When it comes to the Irish Civil War, there is little more evocative in the popular memory than the provisional government’s formal policy of enacting executions of captured republicans. We have discussed the course of the conventional war, the death of Michael Collins, the National Army’s COIN operations in general and more focused ways, but so much of the pro-Treaty experience of the war comes back to the powers handed to the military to summarily judge and then shoot IRA members deemed worthy of shooting. Beginning in November 1922 and continuing all the way to the summer of the following year – after the war had ended – the list of executions is not even the totality of the issue, as it does not include the multitude of informal executions that occurred throughout the period, some of which I will cover in greater detail later. The question is why the provisional government thought this policy necessary, if the argument they presented had any legitimacy and what kind of effect on the war the executions actually had.
First, a little background. The death of Collins may not have resulted in enormous reprisals in the short-term, but its impact on the provisional government leadership was significant. Kevin O’Higgins, the Minister for Home Affairs, perceived by many as being the true driving force of government policy, was particularly vehement that a harsher stance had to be taken against the IRA: that they should be treated as criminals engaged in unlawful rebellion against the legitimate ruling power, and not as lawful combatants. The bounce back of the republicans in the period of August to October, the increasing casualty count for the National Army and the major coups signified by the temporary taking of places like Kenmare, Ballina and Clifden, all contributed to others lining up behind O’Higgins’s thinking.
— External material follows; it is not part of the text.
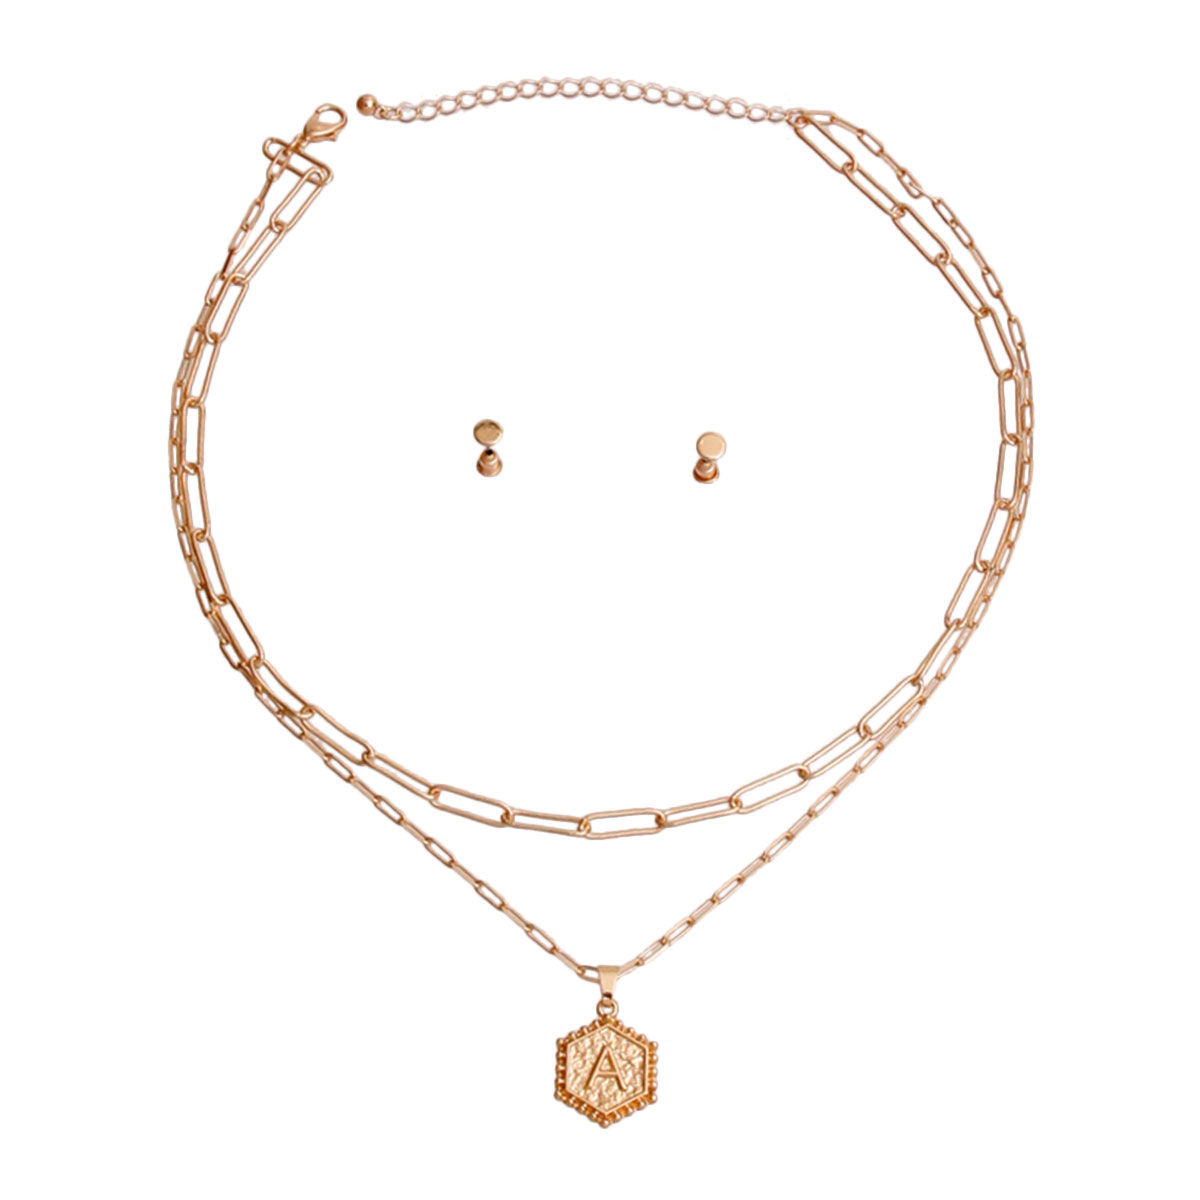 A Hexagon Initial Charm Necklace
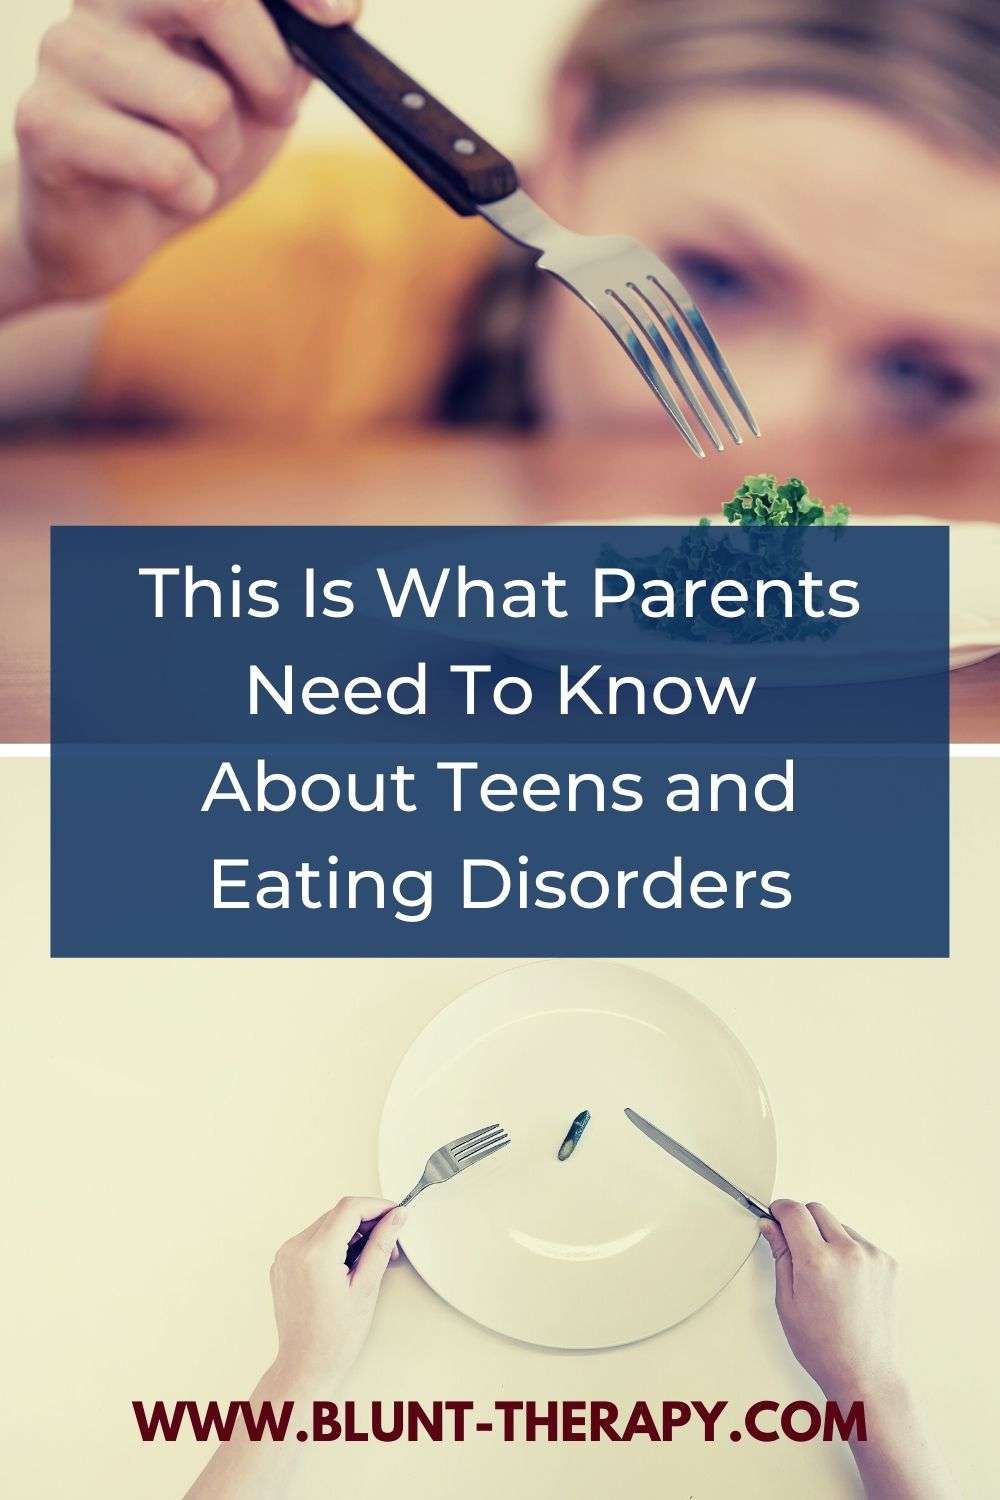 This Is What Parents Need To Know About Teens and Eating Disorders

The Public Safety Bill gave the National Army wide-ranging powers to punish individuals as it saw fit, up to the point of a sentence of execution. The offences for which this may be possible were wide-ranging too: possession of unlicensed firearms or explosives, looting property, arson and “aiding and abetting” attacks on the forces of the provisional government. The first charge was particularly important, as it widened the net to include not just Volunteers in arms, but anyone who was willing to help them store ammunition or explosives. The terms of the Bill would later be expanded still further to include those found guilty of carrying messages for the enemy, for desertion from the National Army or aiding in escape attempts.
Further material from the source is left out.